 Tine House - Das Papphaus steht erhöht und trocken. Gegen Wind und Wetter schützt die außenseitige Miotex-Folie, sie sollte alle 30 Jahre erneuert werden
==
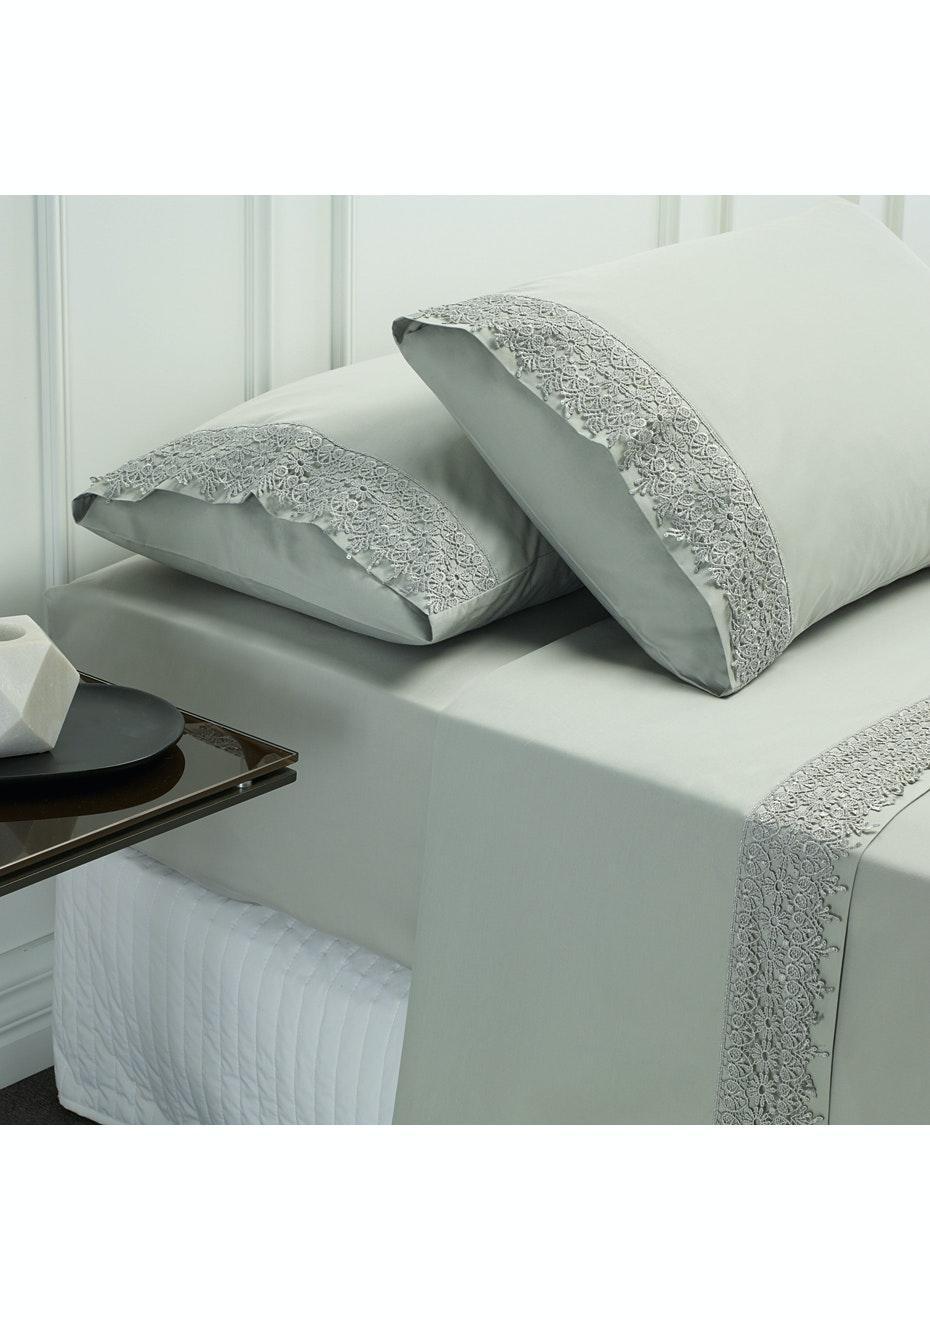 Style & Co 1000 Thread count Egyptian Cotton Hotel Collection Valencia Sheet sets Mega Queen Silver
==
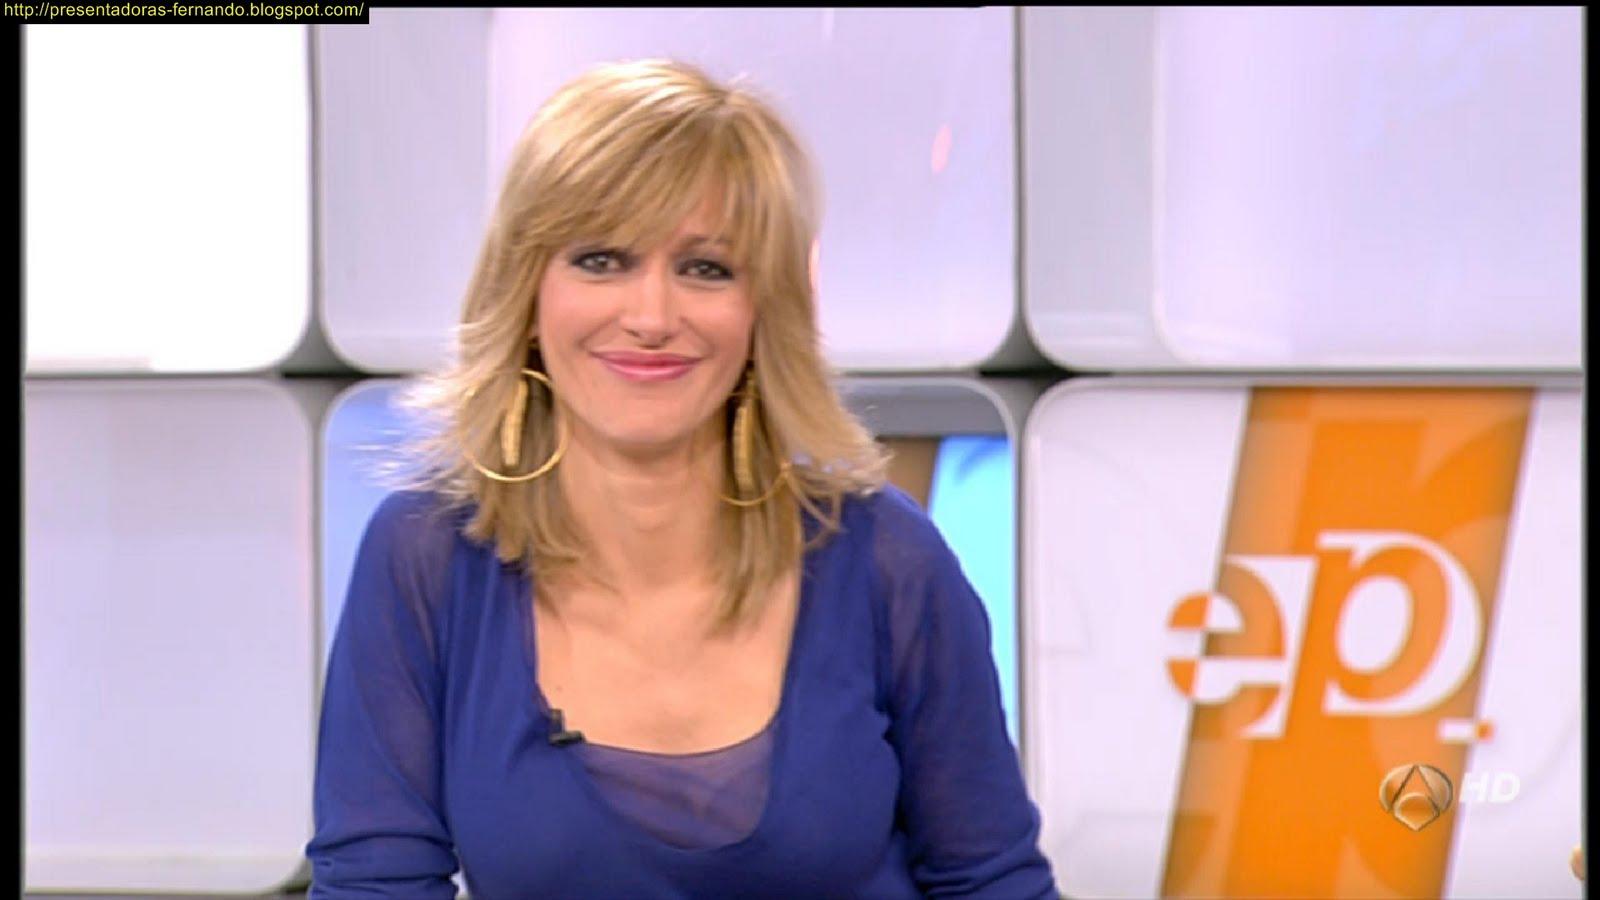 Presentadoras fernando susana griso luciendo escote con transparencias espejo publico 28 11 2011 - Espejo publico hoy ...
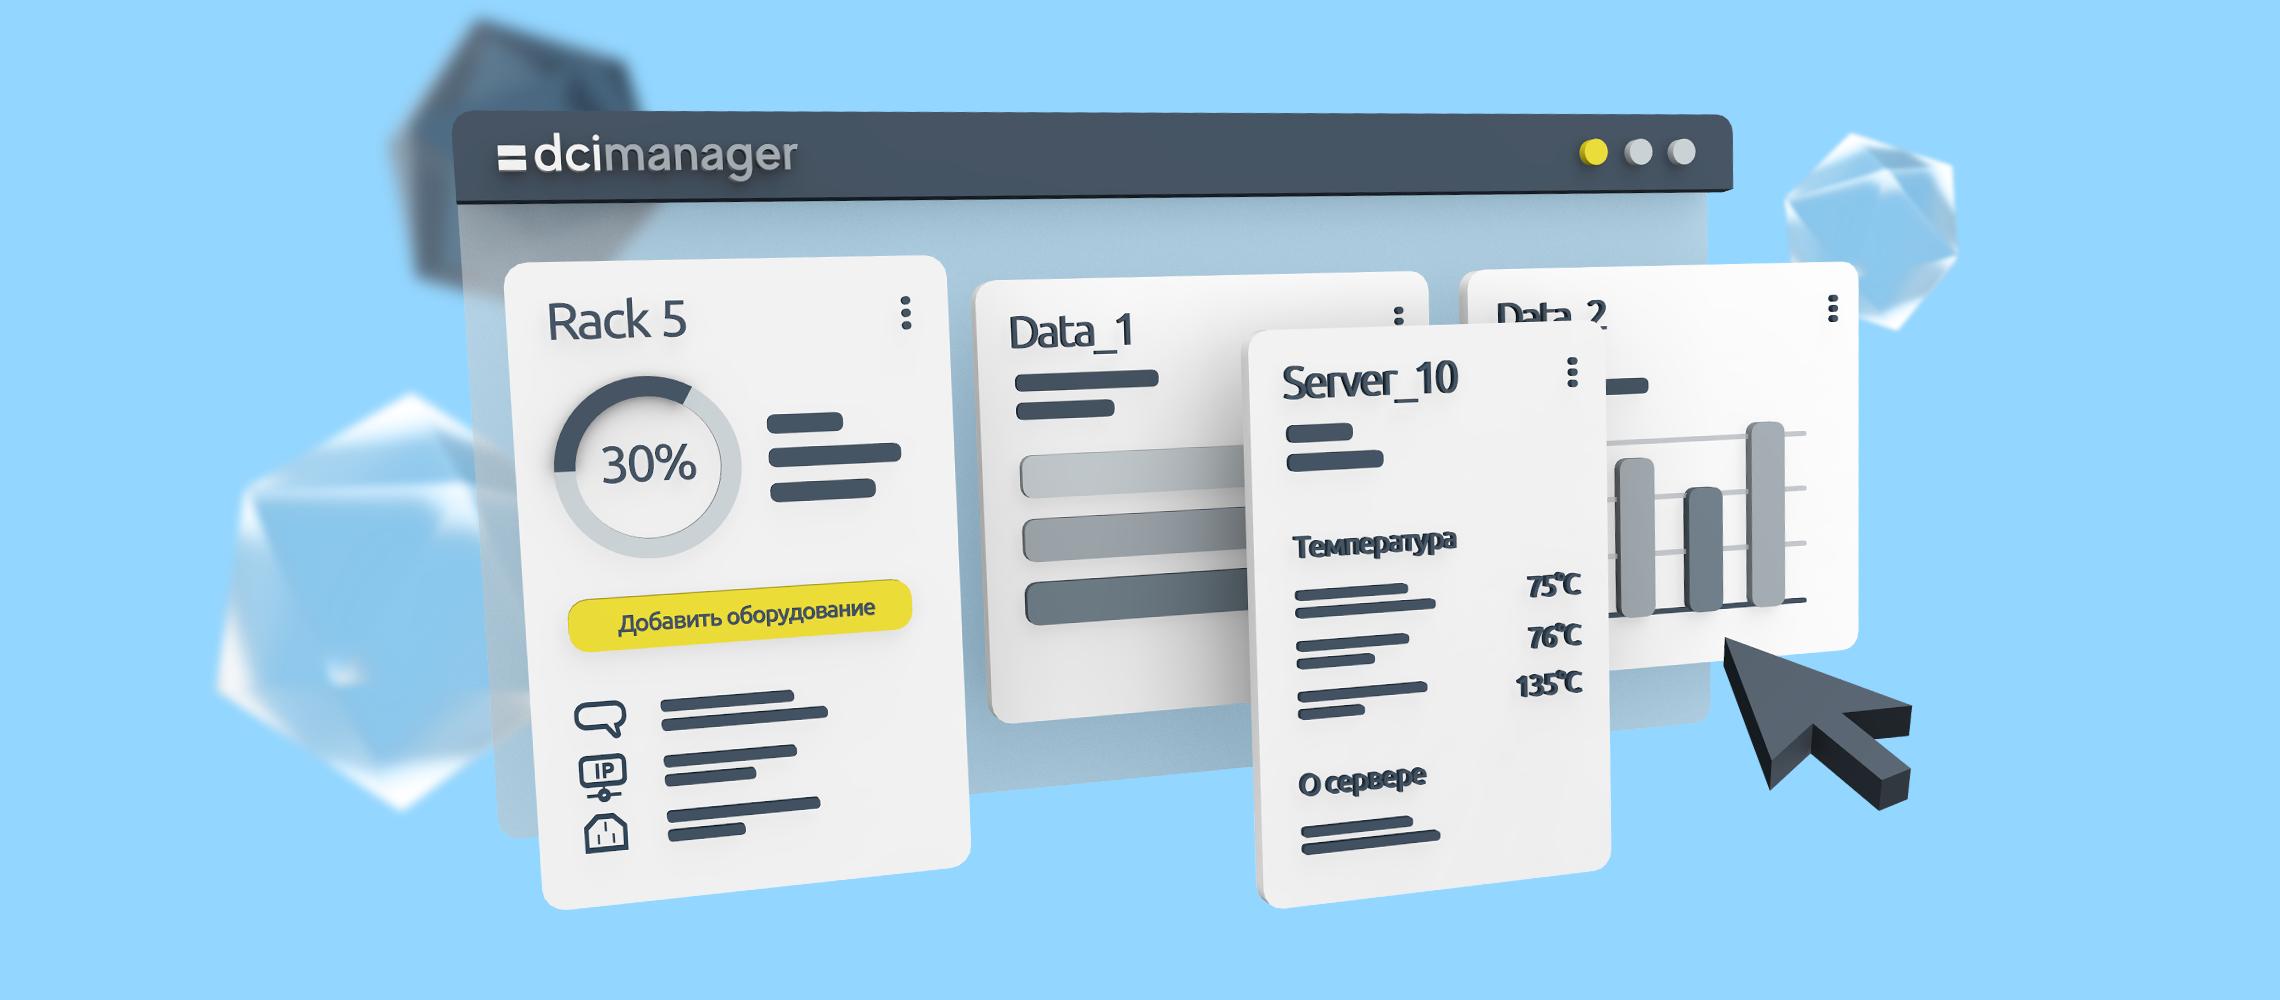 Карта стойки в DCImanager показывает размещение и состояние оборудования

ASSIGNMENT → From the records above, write out exactly the lines that begin at the line with "Presentadoras fernando susana" and end at the line with "Карта стойки в". Pictures must not appear in the output.

SOLVED EXERCISE →
 Presentadoras fernando susana griso luciendo escote con transparencias espejo publico 28 11 2011 - Espejo publico hoy ...
 Карта стойки в DCImanager показывает размещение и состояние оборудования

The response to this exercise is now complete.